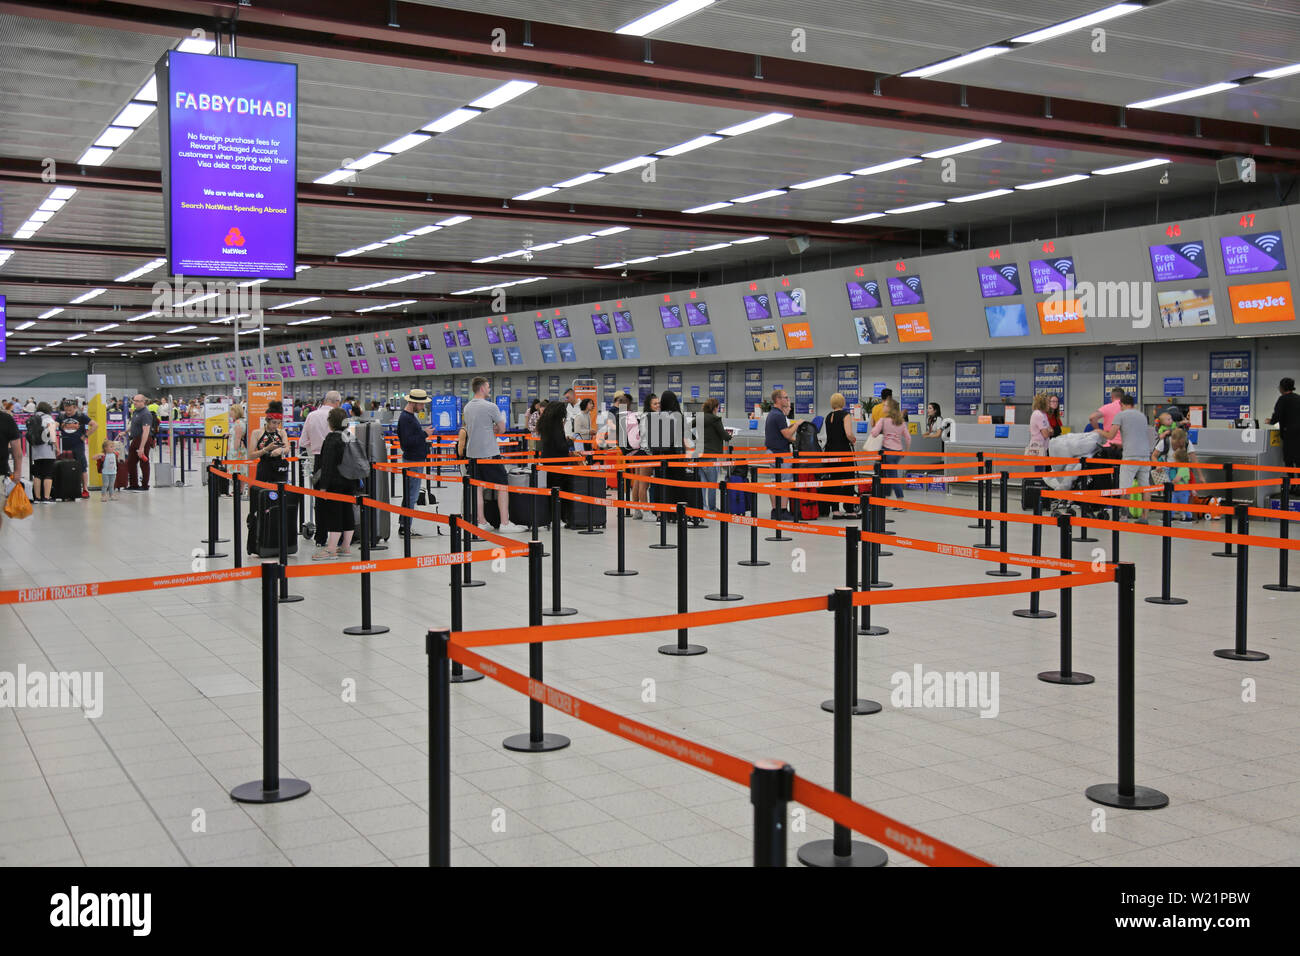 L'aéroport de Londres Luton, Royaume-Uni, salle d'enregistrement. Les passagers Easyjet la queue pour avoir de l'archipel. Le Luton salle d'enregistrement a 62 pupitres dans une seule ligne. Banque D'Images
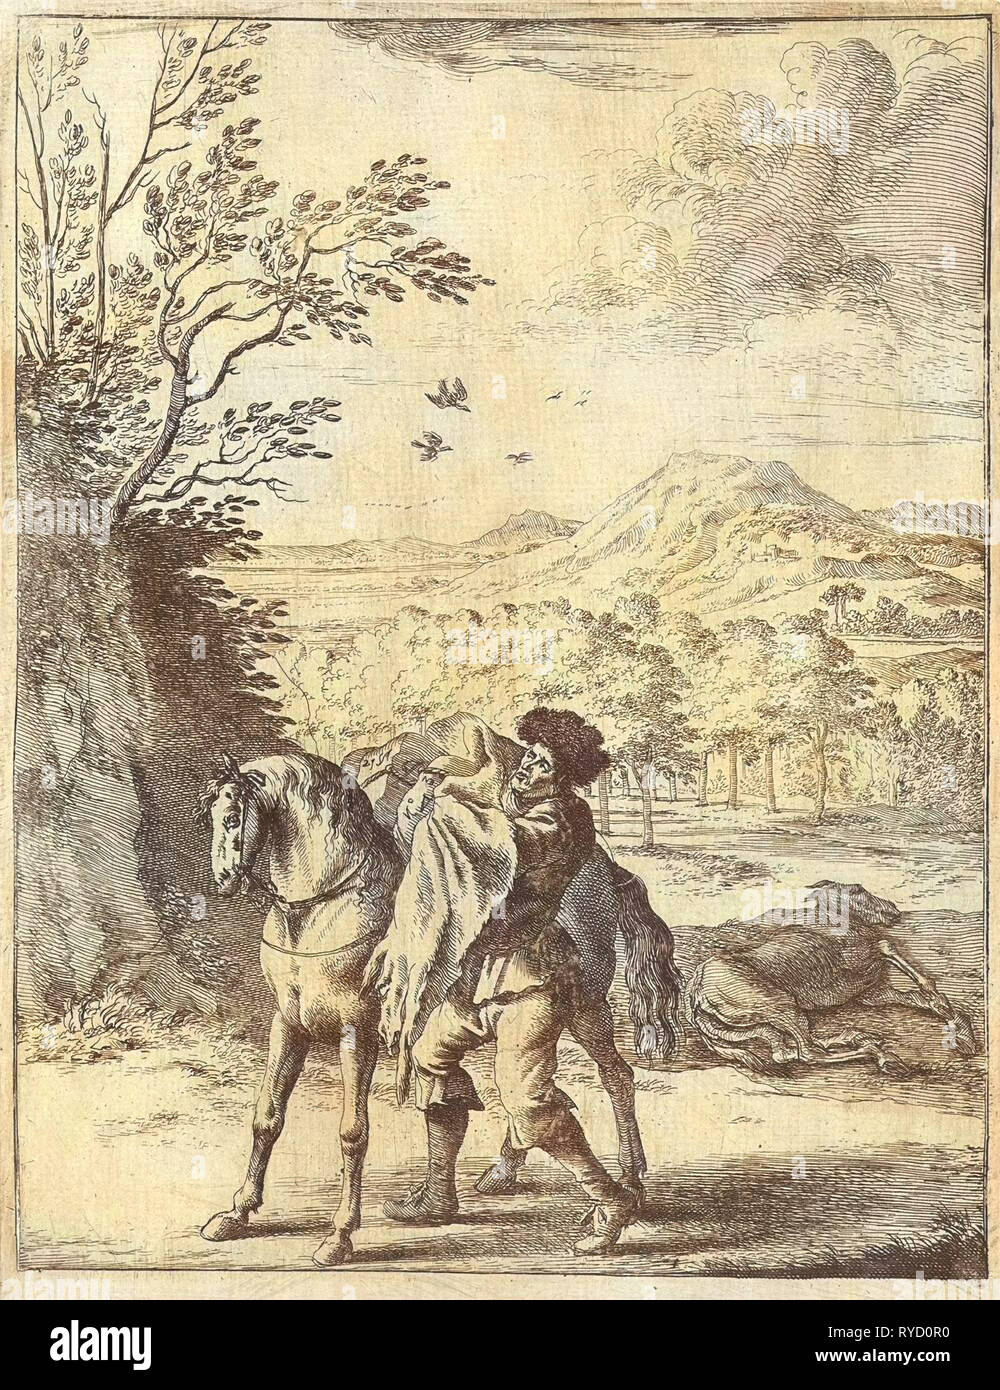 La Fábula del caballo y la mula, Dirk Stoop, John Ogilby, 1665 Foto de stock
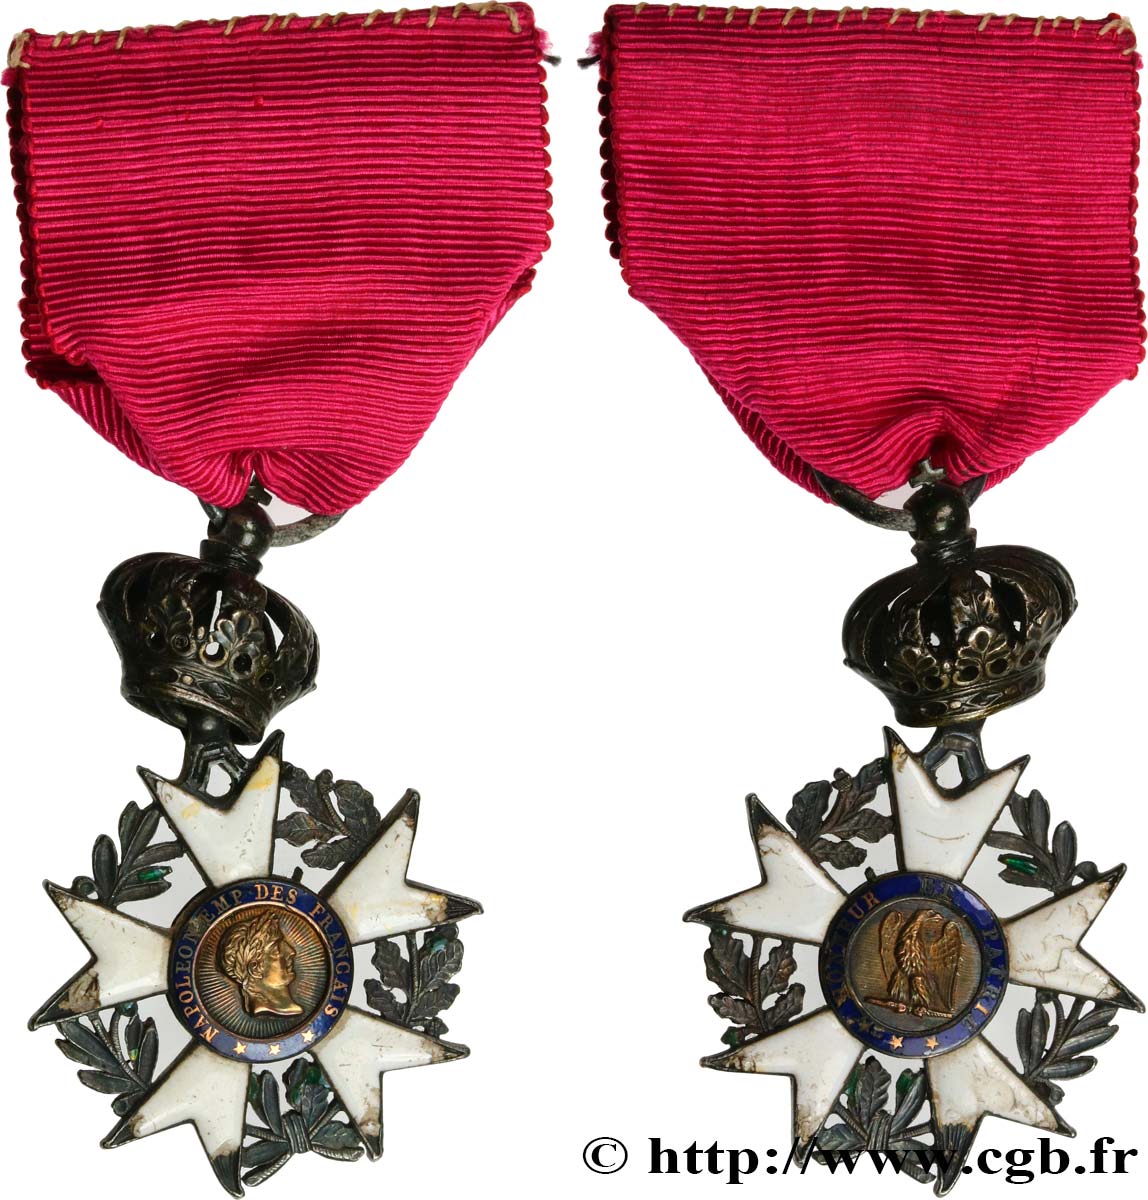 FIRST FRENCH EMPIRE. Napoléon Emperor bare head - Republican calendar Médaille, Chevalier de Légion d’honneur XF
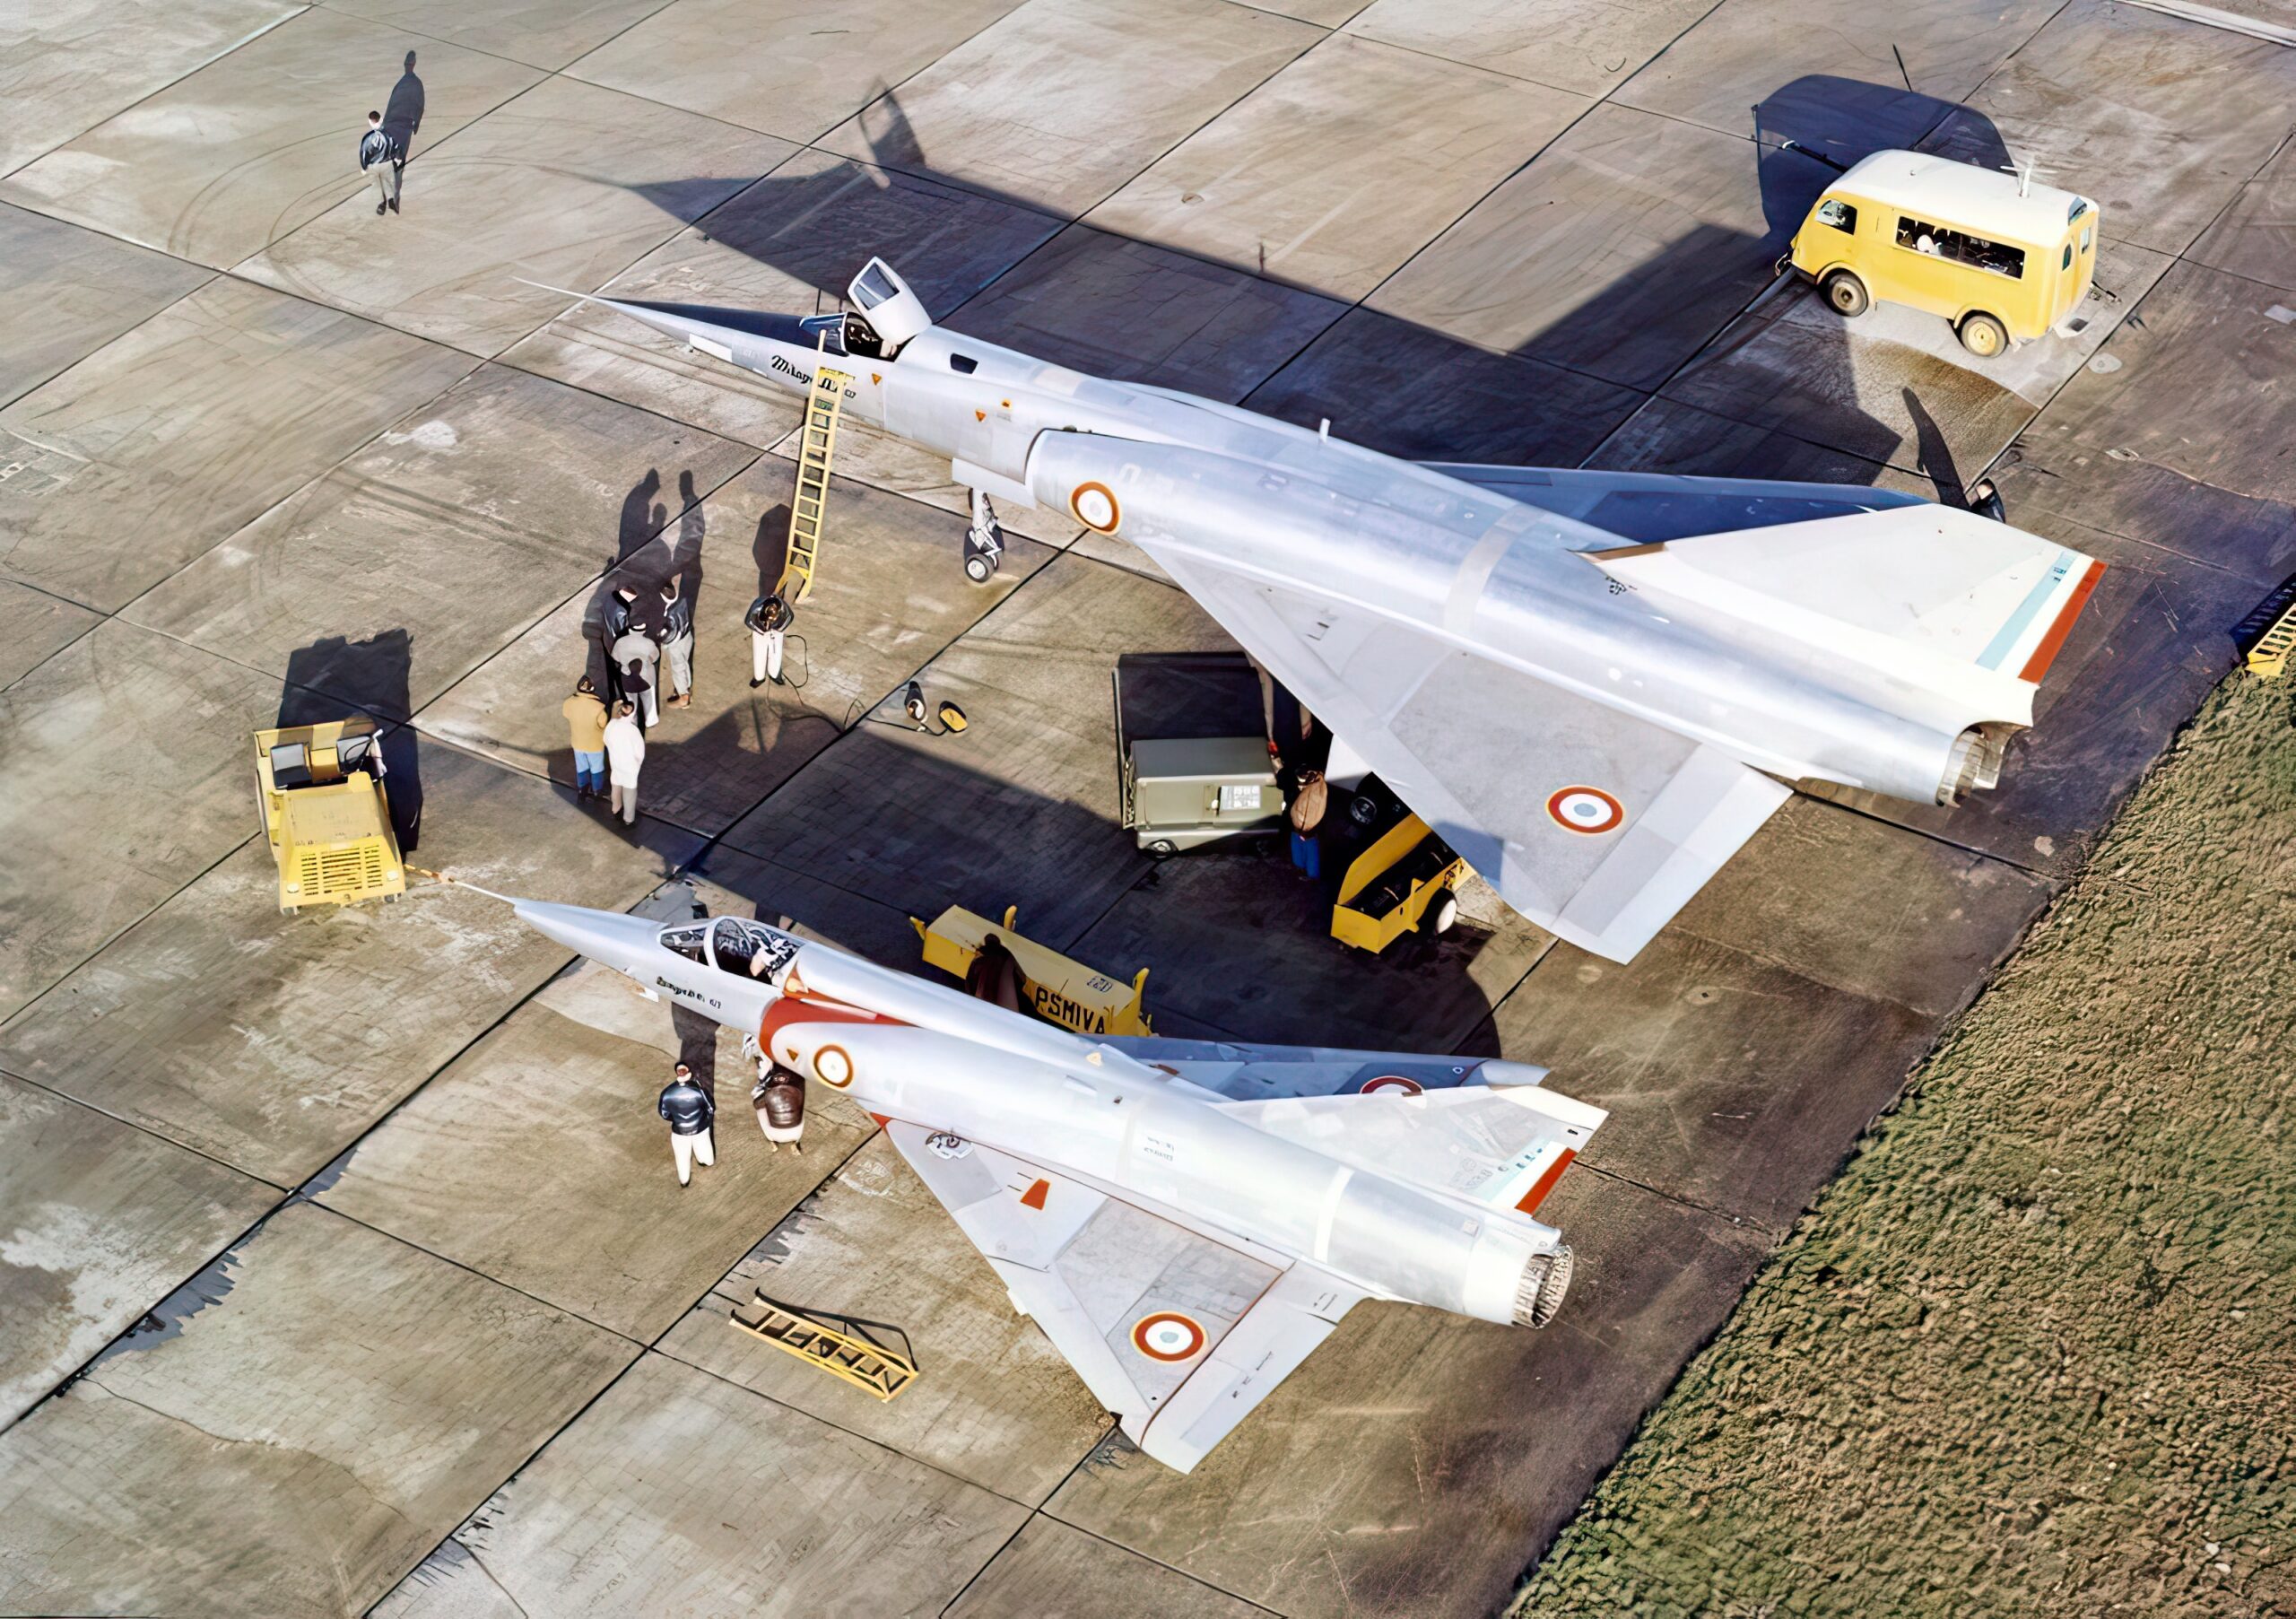 Mirage IV and Mirage III

▬▬▬▬▬▬▬▬▬▬

** YOUR ASSIGNMENT **
Pictures stay out. Write out everything else in the material exactly.

** ANSWER FOR THE TASK **
 L'aéroport de Londres Luton, Royaume-Uni, salle d'enregistrement. Les passagers Easyjet la queue pour avoir de l'archipel. Le Luton salle d'enregistrement a 62 pupitres dans une seule ligne. Banque D'Images
 La Fábula del caballo y la mula, Dirk Stoop, John Ogilby, 1665 Foto de stock
 FIRST FRENCH EMPIRE. Napoléon Emperor bare head - Republican calendar Médaille, Chevalier de Légion d’honneur XF
 Mirage IV and Mirage III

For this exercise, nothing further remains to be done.